(Beginning of Given information)

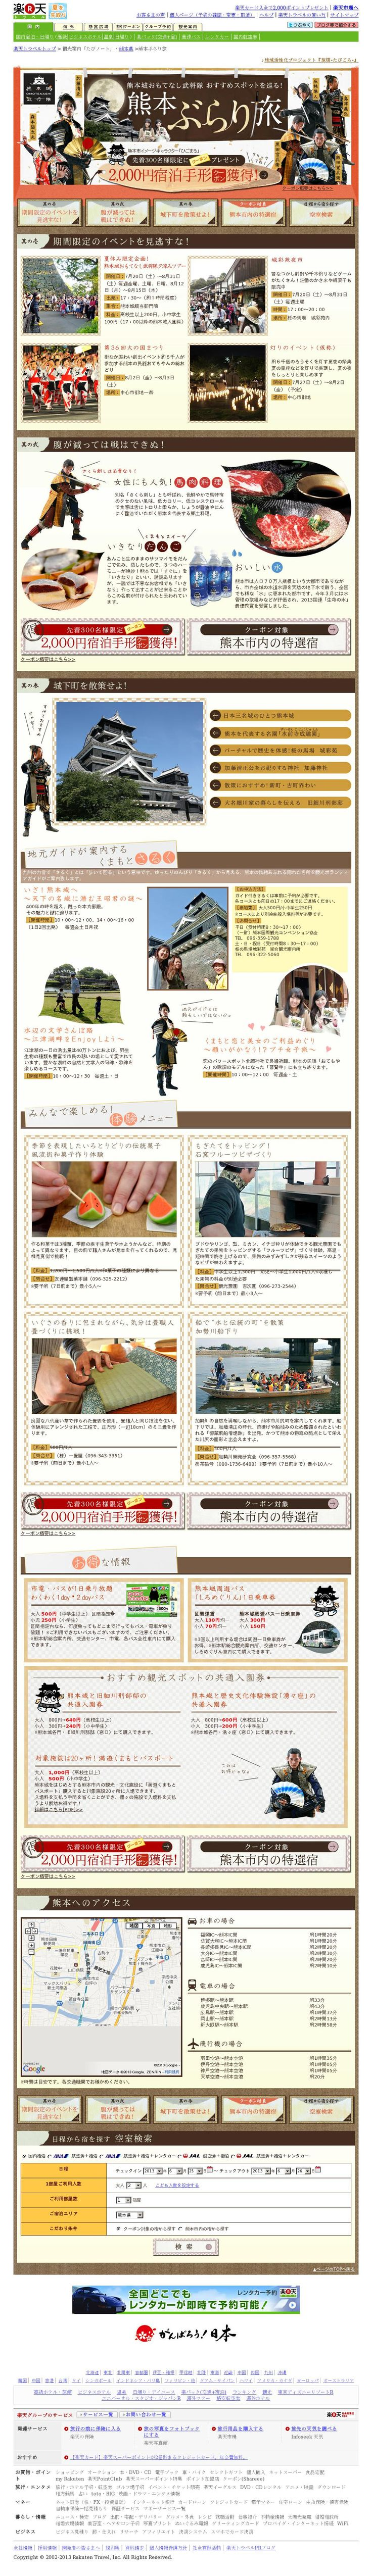 【D】【旅頃】熊本おもてなし武将隊<2013/06/03>
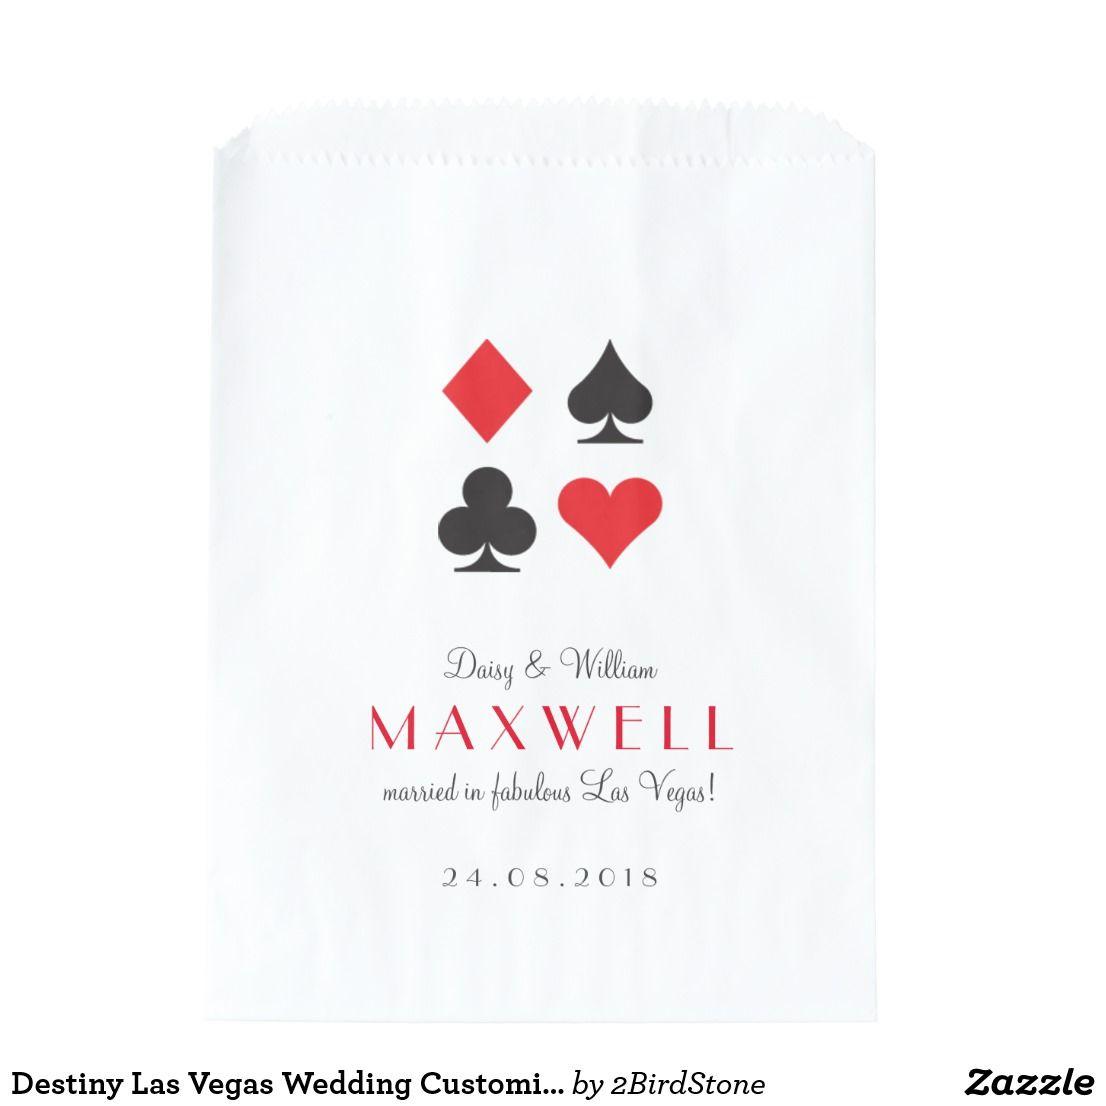 Destiny Las Vegas Wedding Customized Favor Bag | Favor bags, Favors ...
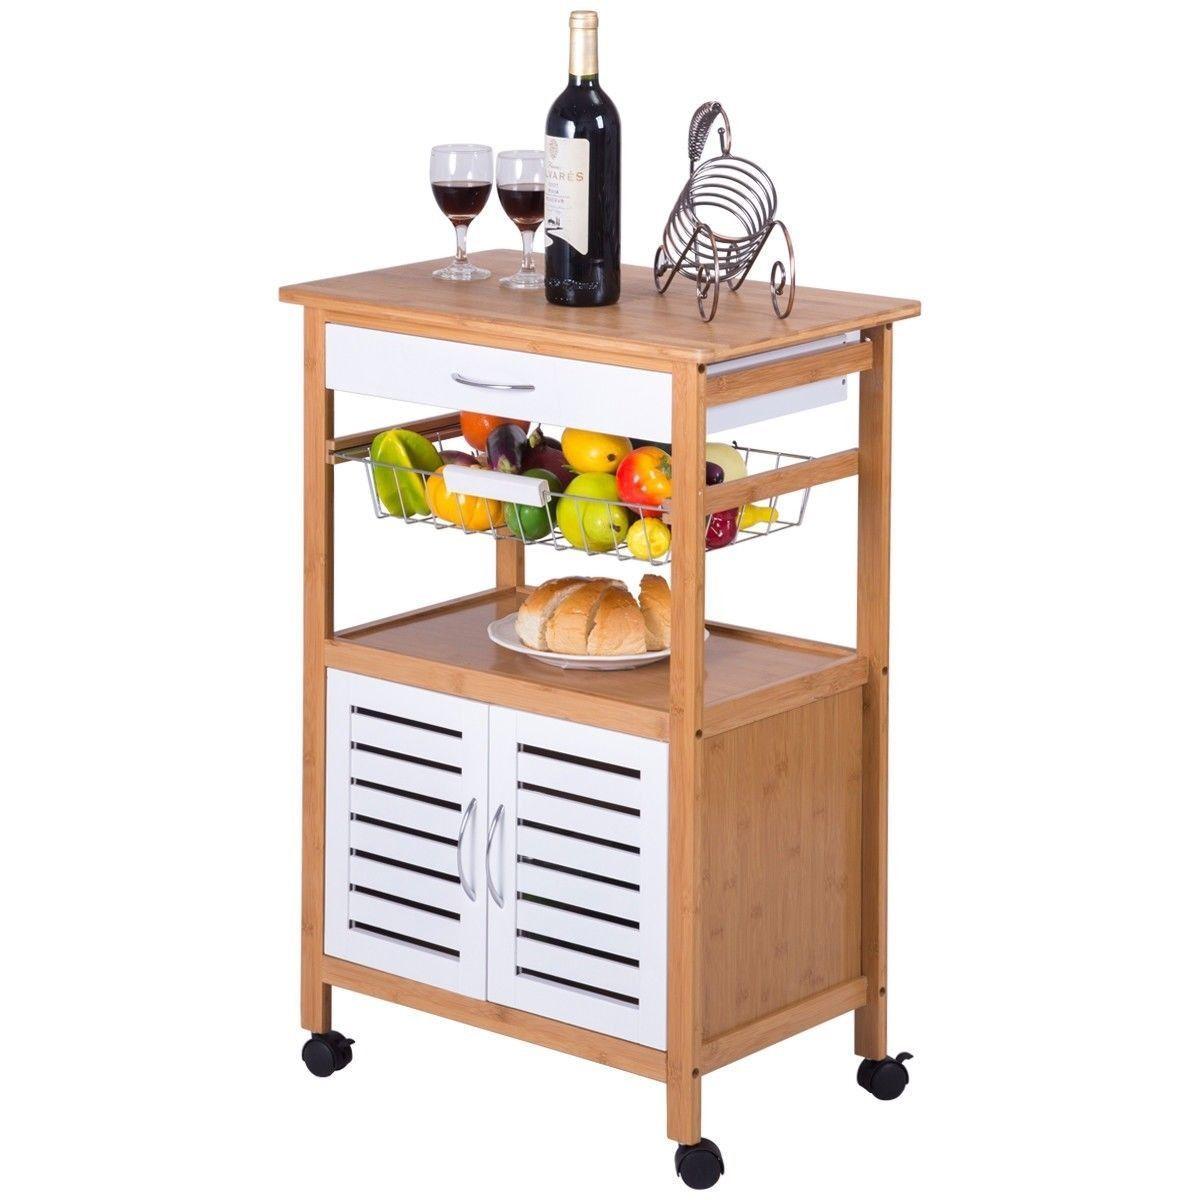 kitchen cart with drawers metal shelf מוצר home bamboo rolling storage trolley drawer basket us

(End of Given information)

### Problem to work on
Would you copy out the material above exactly, without the pictures in it?

### Exercise solution
 【D】【旅頃】熊本おもてなし武将隊<2013/06/03>
 Destiny Las Vegas Wedding Customized Favor Bag | Favor bags, Favors ...
 kitchen cart with drawers metal shelf מוצר home bamboo rolling storage trolley drawer basket us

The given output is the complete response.